It occurs to him as Freddie disappears into the living room that he should have chosen a better way of getting him off his case. Anatoly hates scrubbing wet food off of plates.

He would never concede far enough to admit that Freddie had a point, but Anatoly is of course aware that his daughters might not idolize him the way they did when they were little. Even now, they may not be able to fully grasp how much it was necessary that he leave when he did. Or how much it had felt necessary, maybe. Now it’s hard to imagine it being quite so urgent of a situation.

He never intended to leave his children behind. It was never them he was trying to escape, really, more the stifling domesticity of it all — coming home to toys strewn about the floor, to someone sleeping next to him in bed. But he loved his daughters. It was only once he was standing in the embassy, paperwork in hand, that he’d realized with an awful lurch that he might never see them again.

He’d hadn’t explained all this to them, of course. He never had the chance. For all they know, he left because of them. They could resent him for that. Anatoly wouldn’t blame them.

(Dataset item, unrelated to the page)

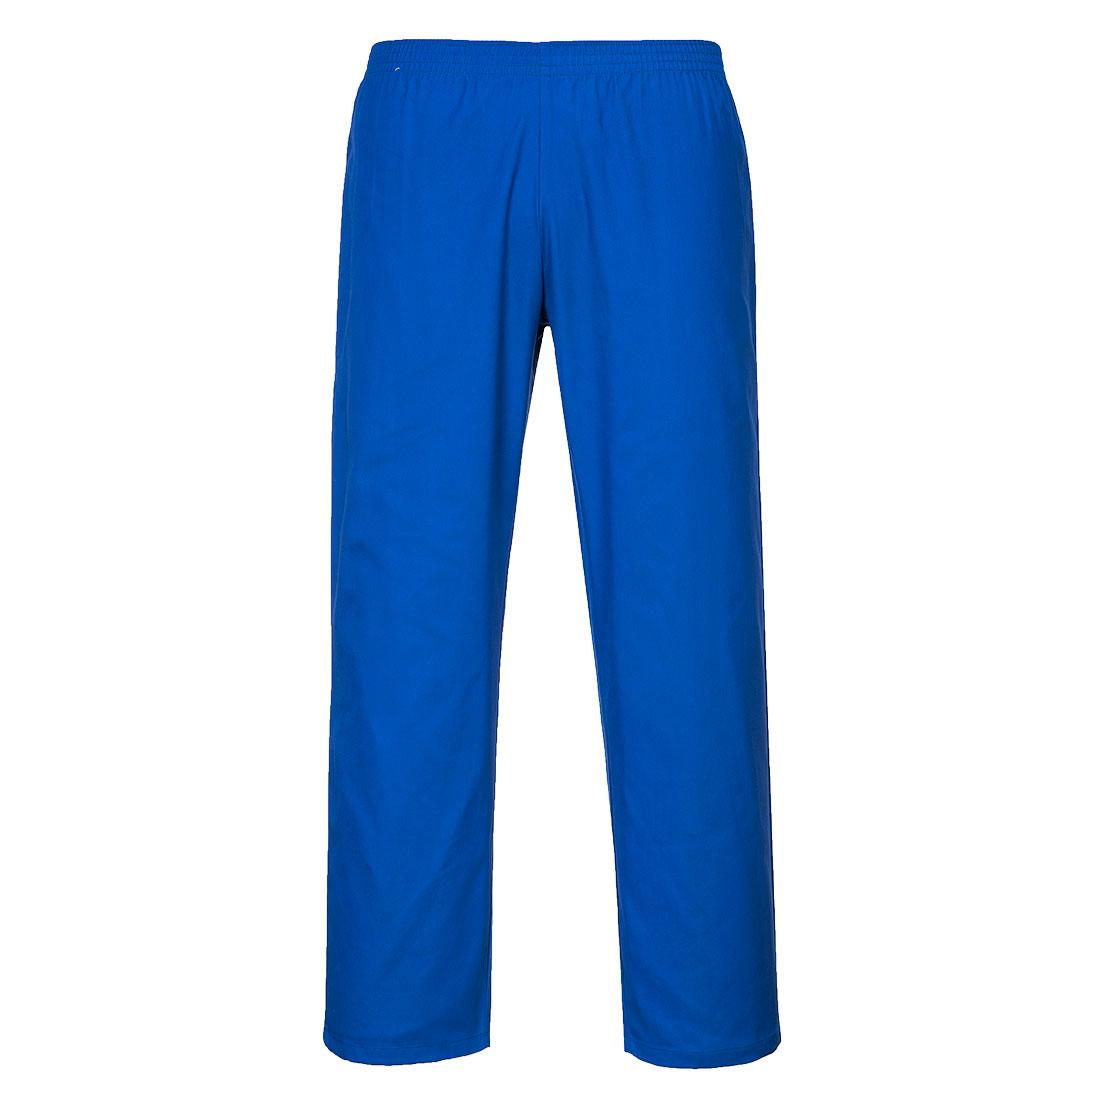 cdf576f4b5 Portwest Pék nadrág royal kék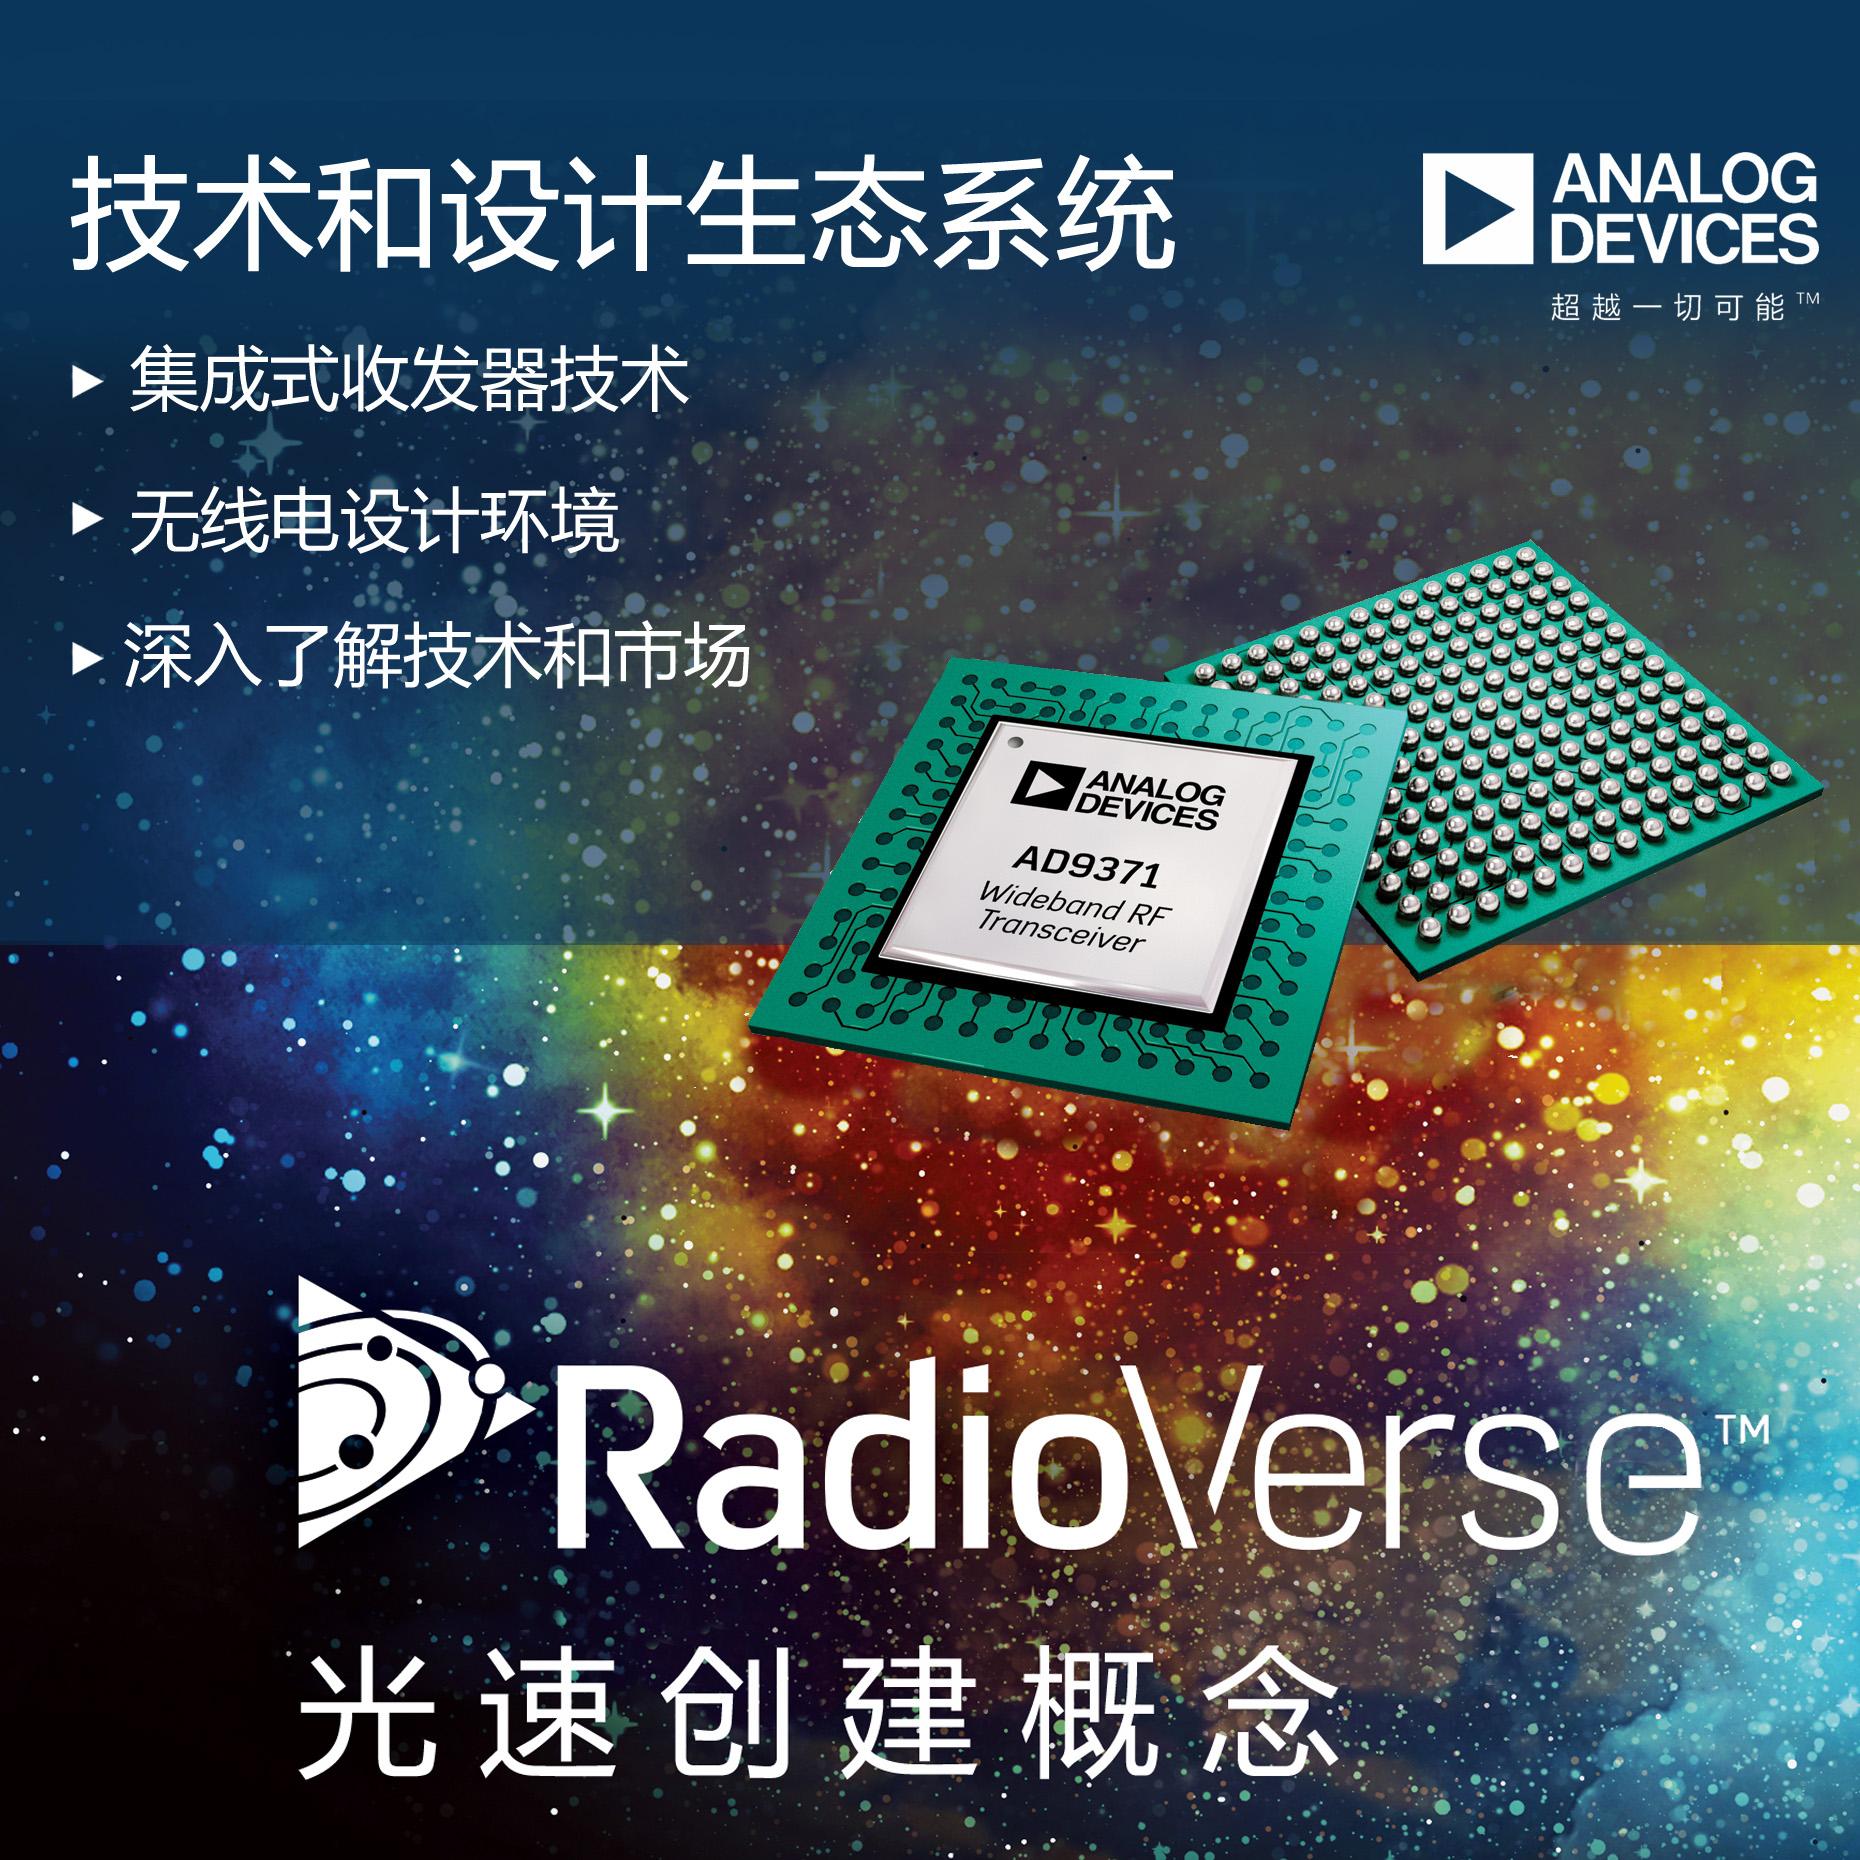 ADI公司利用RadioVerse™技术和设计生态系统简化无线系统设计

Sofia wanted to see him, though. Anatoly didn’t believe a word of Freddie’s insistence otherwise. For her to go through the trouble of finding his address — Molokov had it, probably, which does make him shudder — it couldn’t have been some half-hearted attempt at reaching out. She thought about him, still. Enough to want him home.

It’s still strange to him. Whenever he pictures his children, he thinks of them as they were when he left, tiny little things of barely six and eight. It’s odd to think of them as changing in his absence. In truth, it’s hard for him to even remember that they still exist somewhere, and that they aren’t just distant figures living on in his memory. It’s not a new problem — the first time he had visited his parents after spending several years in Moscow, he had been shocked to see that his father’s beard had gone completely white while he was away. It feels wrong to think that other people could change so much when his whole life it feels like he’s been doing nothing but running in place.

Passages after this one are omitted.